Strange also said that it can be quite an expensive thing to do, because you have to invest time with most employees.
He further added that asset management firms need to carefully select their technology partners.
“By getting them to use their tools and expertise, you can start to solve some of these traditional problems where firms are not sure even which way to begin,” he said.
“You’re not in this on your own as a firm, you have other partners there. And technology is the underlying key here, which could help prevent some of those barriers,” he added.
According to Strange, emerging technologies, including AI, Blockchain, Cloud and open architecture comprise both risks and opportunities.
“There are all these great opportunities, but they come with expensive risks. If you’re just going around doing things without context or well thought out, it can be an expensive problem,” he said.

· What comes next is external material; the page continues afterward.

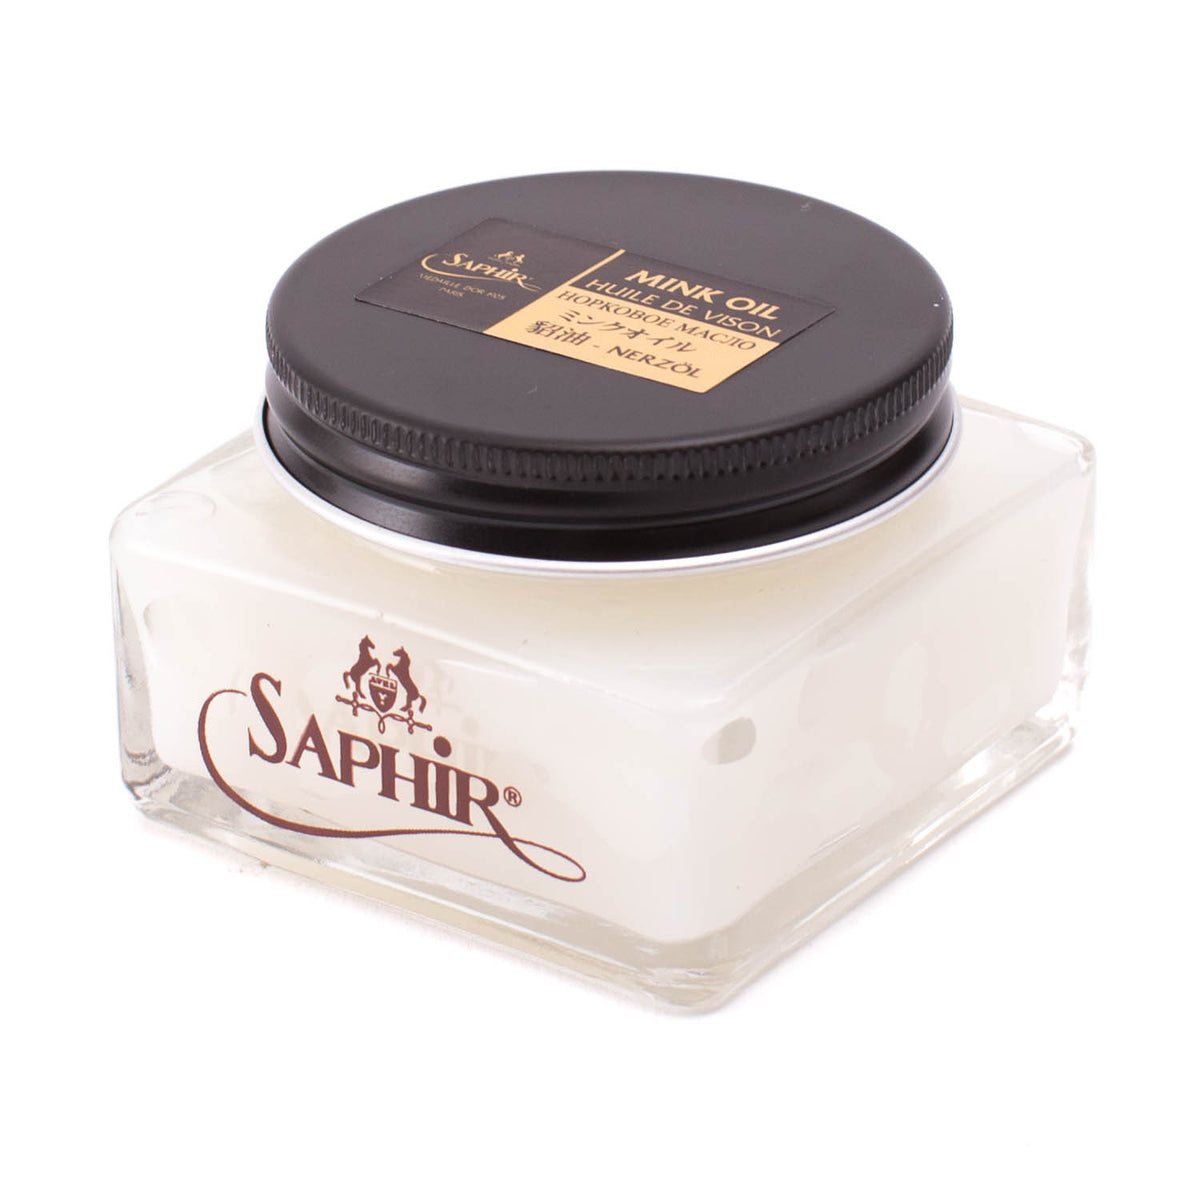 A jar of KirbyAllison.com Saphir Medaille d'Or Mink Oil, providing deep nourishment to smooth leather surfaces, on a white background.

With all these emerging technologies, it’s a big mistake to try to connect applications one-to-one with no overall vision or standard, he added.
For asset managers to develop interoperability, but also ‘digital maturity’ means that they need to “change the culture”.
“It won’t change overnight, but you’ll be on that journey and hence, the term maturity is key here. We can only become more mature, we’ll never just become fully digital,” he said.
Culture is the big piece, people are the key piece. It’s not an idea of just automating everything, reducing the number of people that are employed and saving costs, he said.
“You need these people to be part of the culture that will essentially allow you to have a digital transformation’s strategy and be successful,” Strange said.
Strange also thinks that you can’t do any of this without interoperability, applications must talk to each other.
He mentioned the ION Desktop Bus, a messaging channel with a set of messages and protocols that enable apps to share data.
“If you can have an underlying platform that allows you to just add in different apps as they come in whether you build them yourself, whether their third-party application, whether it’s multiple vendors coming through a common underlying infrastructure is key because it means you can keep on top of it in a much quicker and faster way,” he said.